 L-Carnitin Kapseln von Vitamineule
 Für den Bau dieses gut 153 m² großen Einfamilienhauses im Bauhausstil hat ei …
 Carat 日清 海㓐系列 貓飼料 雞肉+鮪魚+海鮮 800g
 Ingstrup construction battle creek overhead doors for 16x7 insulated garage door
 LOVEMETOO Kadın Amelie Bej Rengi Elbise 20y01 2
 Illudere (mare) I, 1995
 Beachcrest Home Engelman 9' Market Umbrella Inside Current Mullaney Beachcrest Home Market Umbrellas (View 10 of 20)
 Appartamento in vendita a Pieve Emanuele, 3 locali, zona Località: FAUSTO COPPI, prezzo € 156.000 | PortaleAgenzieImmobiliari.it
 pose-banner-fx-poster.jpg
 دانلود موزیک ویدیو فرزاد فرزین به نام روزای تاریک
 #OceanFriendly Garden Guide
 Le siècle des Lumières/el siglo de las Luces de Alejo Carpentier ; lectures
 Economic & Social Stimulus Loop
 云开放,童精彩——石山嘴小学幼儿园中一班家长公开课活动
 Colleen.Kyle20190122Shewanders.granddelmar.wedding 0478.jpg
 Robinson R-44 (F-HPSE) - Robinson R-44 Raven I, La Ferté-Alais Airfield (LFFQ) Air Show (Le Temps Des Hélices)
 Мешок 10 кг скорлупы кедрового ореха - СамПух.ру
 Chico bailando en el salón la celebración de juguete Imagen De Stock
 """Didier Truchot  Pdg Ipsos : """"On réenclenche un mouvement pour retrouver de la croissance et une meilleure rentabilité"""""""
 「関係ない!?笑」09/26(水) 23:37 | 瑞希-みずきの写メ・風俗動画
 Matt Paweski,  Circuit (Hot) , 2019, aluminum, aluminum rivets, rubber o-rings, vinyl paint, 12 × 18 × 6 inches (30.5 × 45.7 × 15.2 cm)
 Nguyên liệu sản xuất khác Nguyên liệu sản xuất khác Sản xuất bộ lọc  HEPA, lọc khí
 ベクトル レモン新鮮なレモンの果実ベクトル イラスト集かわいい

====

> _REQUIRED ACTION_: For this exercise, write all the records out again exactly.

> _RESPONSE_:
 L-Carnitin Kapseln von Vitamineule
 Für den Bau dieses gut 153 m² großen Einfamilienhauses im Bauhausstil hat ei …
 Carat 日清 海㓐系列 貓飼料 雞肉+鮪魚+海鮮 800g
 Ingstrup construction battle creek overhead doors for 16x7 insulated garage door
 LOVEMETOO Kadın Amelie Bej Rengi Elbise 20y01 2
 Illudere (mare) I, 1995
 Beachcrest Home Engelman 9' Market Umbrella Inside Current Mullaney Beachcrest Home Market Umbrellas (View 10 of 20)
 Appartamento in vendita a Pieve Emanuele, 3 locali, zona Località: FAUSTO COPPI, prezzo € 156.000 | PortaleAgenzieImmobiliari.it
 pose-banner-fx-poster.jpg
 دانلود موزیک ویدیو فرزاد فرزین به نام روزای تاریک
 #OceanFriendly Garden Guide
 Le siècle des Lumières/el siglo de las Luces de Alejo Carpentier ; lectures
 Economic & Social Stimulus Loop
 云开放,童精彩——石山嘴小学幼儿园中一班家长公开课活动
 Colleen.Kyle20190122Shewanders.granddelmar.wedding 0478.jpg
 Robinson R-44 (F-HPSE) - Robinson R-44 Raven I, La Ferté-Alais Airfield (LFFQ) Air Show (Le Temps Des Hélices)
 Мешок 10 кг скорлупы кедрового ореха - СамПух.ру
 Chico bailando en el salón la celebración de juguete Imagen De Stock
 """Didier Truchot  Pdg Ipsos : """"On réenclenche un mouvement pour retrouver de la croissance et une meilleure rentabilité"""""""
 「関係ない!?笑」09/26(水) 23:37 | 瑞希-みずきの写メ・風俗動画
 Matt Paweski,  Circuit (Hot) , 2019, aluminum, aluminum rivets, rubber o-rings, vinyl paint, 12 × 18 × 6 inches (30.5 × 45.7 × 15.2 cm)
 Nguyên liệu sản xuất khác Nguyên liệu sản xuất khác Sản xuất bộ lọc  HEPA, lọc khí
 ベクトル レモン新鮮なレモンの果実ベクトル イラスト集かわいい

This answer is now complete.